Photograph courtesy of the Arkansas Children’s Hospital
Building a collaborative network
It’s a two-way street. The Rational Intervention for KCNQ2 Epileptic Encephalopathy (RIKEE) patient registry both provides valuable information and accepts the input of new data from volunteers, creating a powerful collaborative resource to help families, physicians, and researchers. Just ask Dr. Sarah Mulkey. Dr. Mulkey is an Assistant Professor in the Department of Pediatrics, Section of Neurology, at the University of Arkansas for Medical Sciences. She was caring for a newborn whose clinical presentation was like none she’d seen before, and RIKEE came to the rescue. The parents of Dr. Mulkey’s young patient later agreed to have their child participate in the RIKEE registry, a decision that set in motion a detailed reexamination of the histories of patients with similar stories diagnosed around the world.
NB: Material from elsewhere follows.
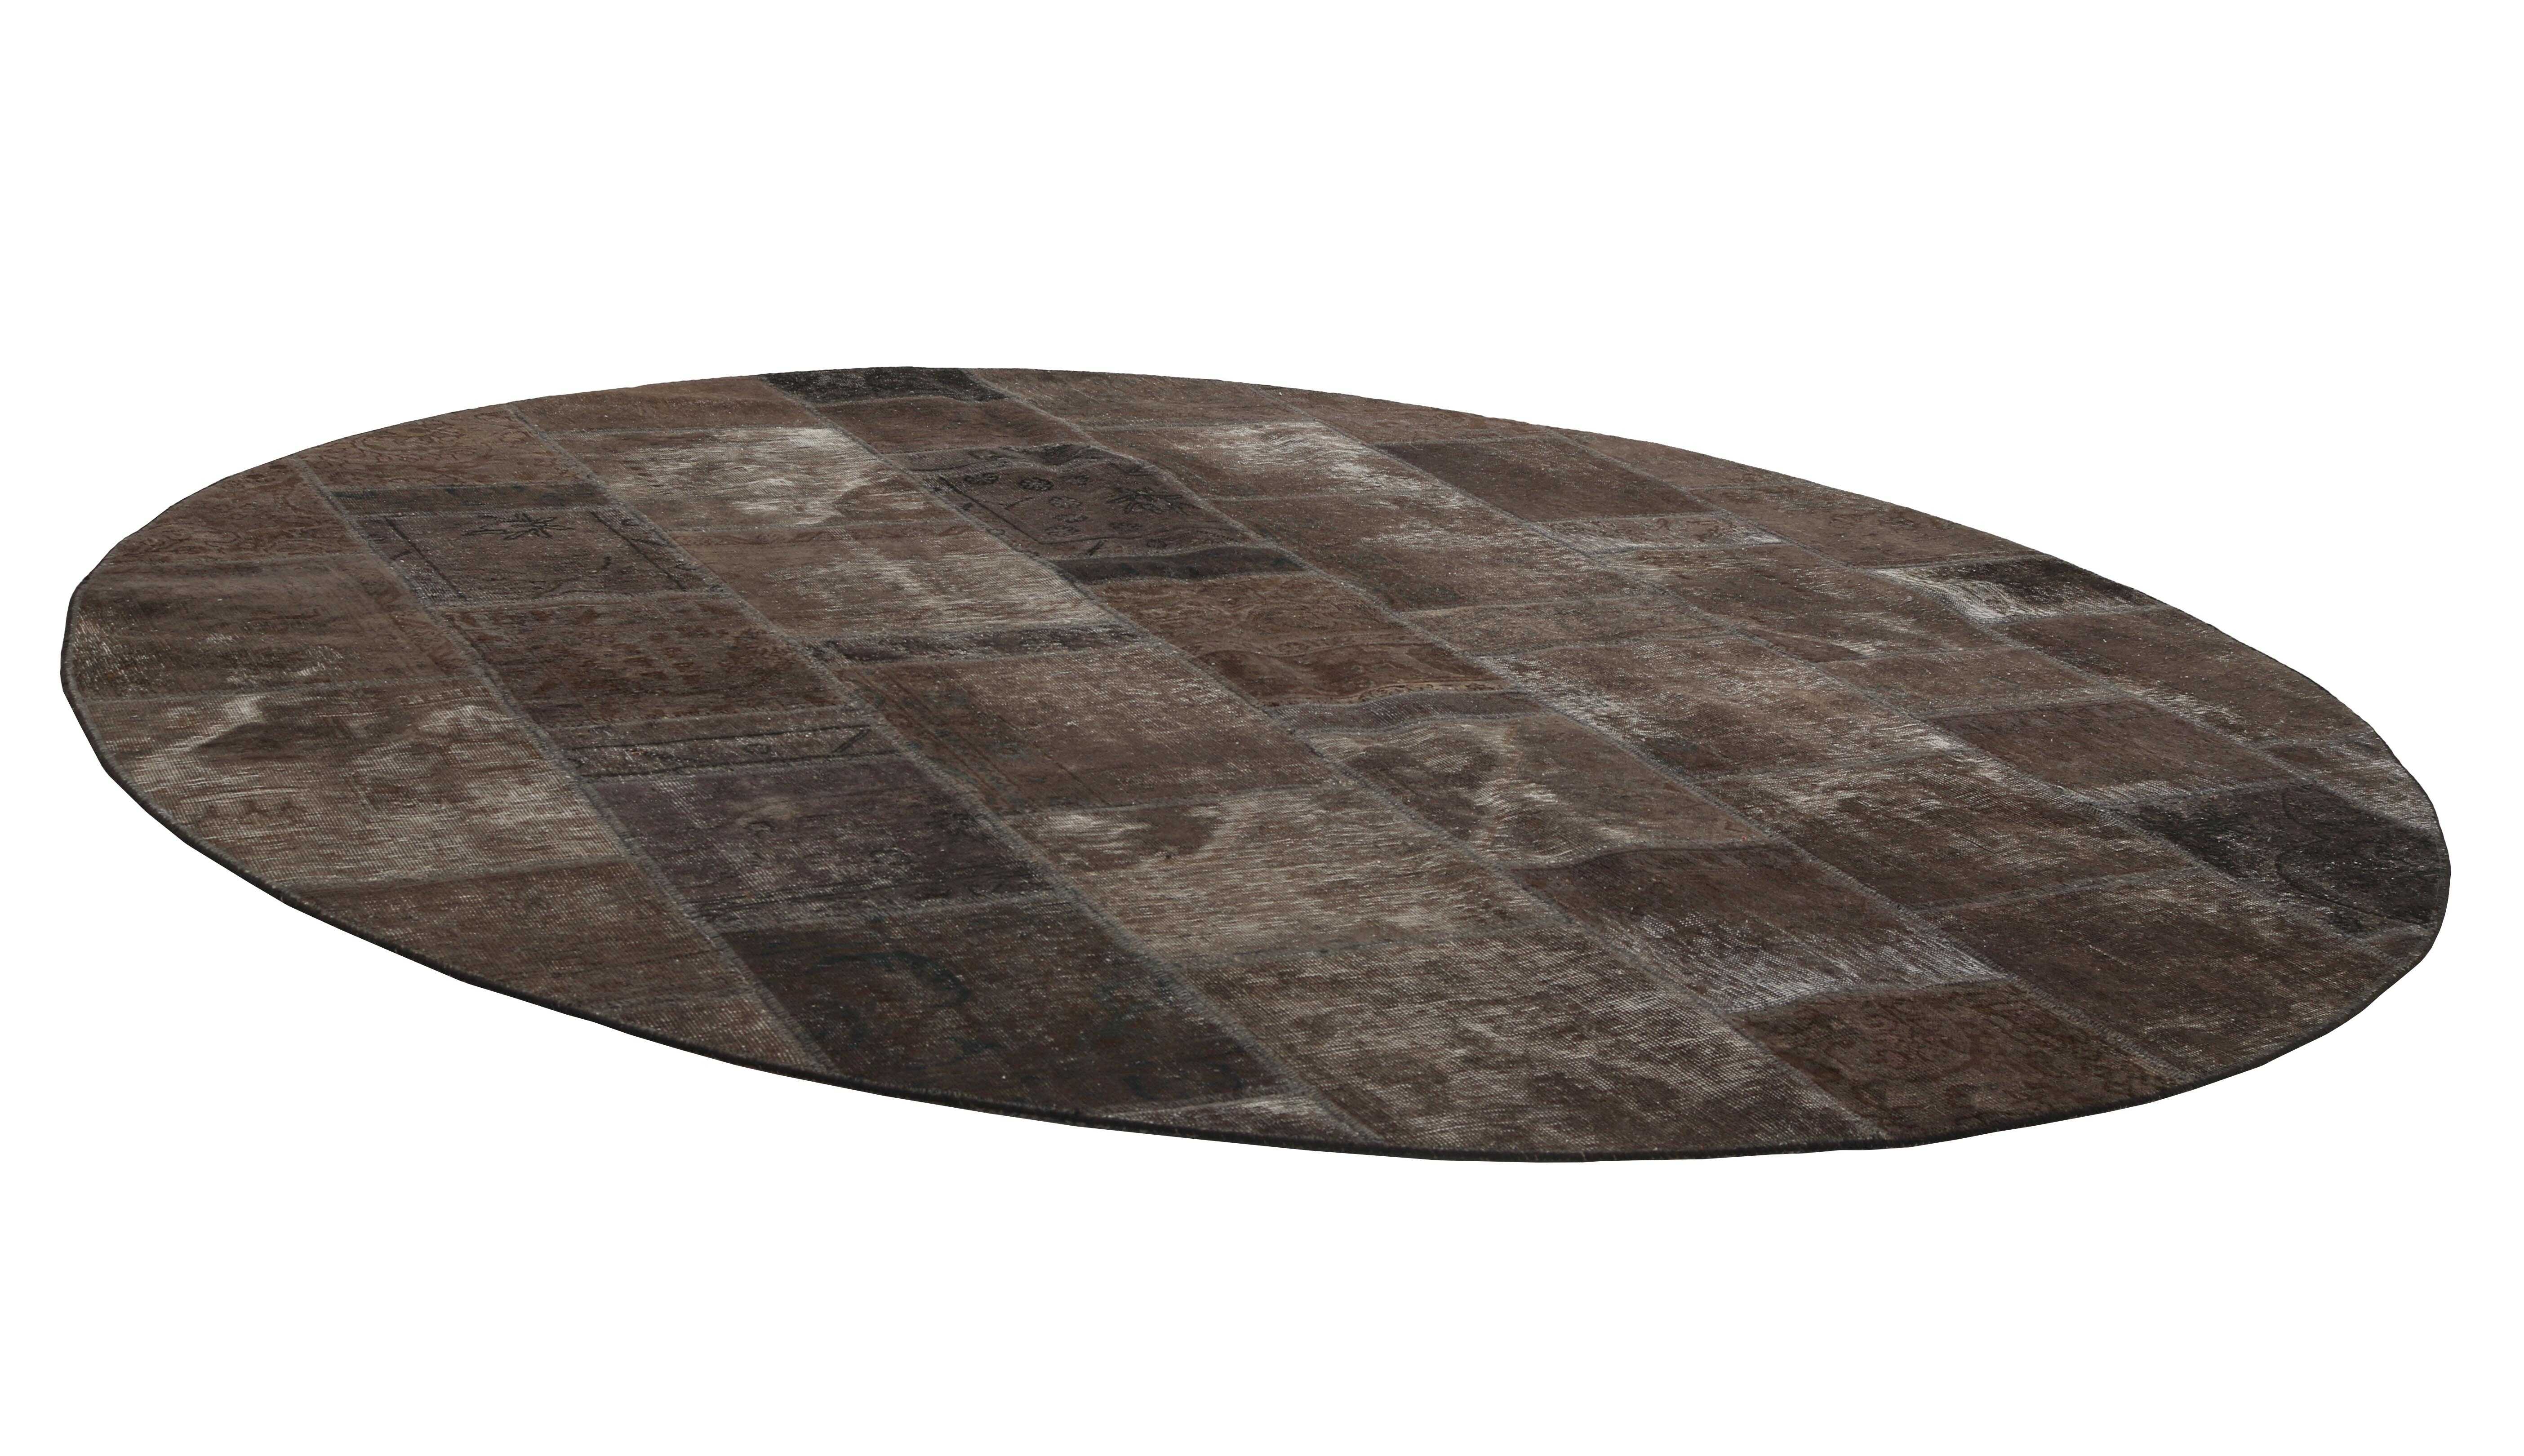 Authentic black patchwork persian circle rug

Thank you, Dr. Mulkey, for sharing your insights with KCNQ2 Perspectives.
Searching for answers
Just after birth, a baby was having movements that looked like seizures. The infant was brought to our neonatal intensive care unit, where I work as a neonatal neurologist. The baby appeared ill, but brain imaging did not reveal a reason. Although the brain wave test (or EEG) was far from normal, it showed that the baby’s movements were not caused by seizures–in fact I could find no real seizures at all. This was a highly unusual pattern. Although I suspected there might be an underlying genetic cause for the baby’s illness, the combination of symptoms and test results was different from any patient that I had previously encountered. I decided to email Dr. Phillip Pearl in Boston, a renown expert in genetic metabolic epilepsy in children, to seek his advice.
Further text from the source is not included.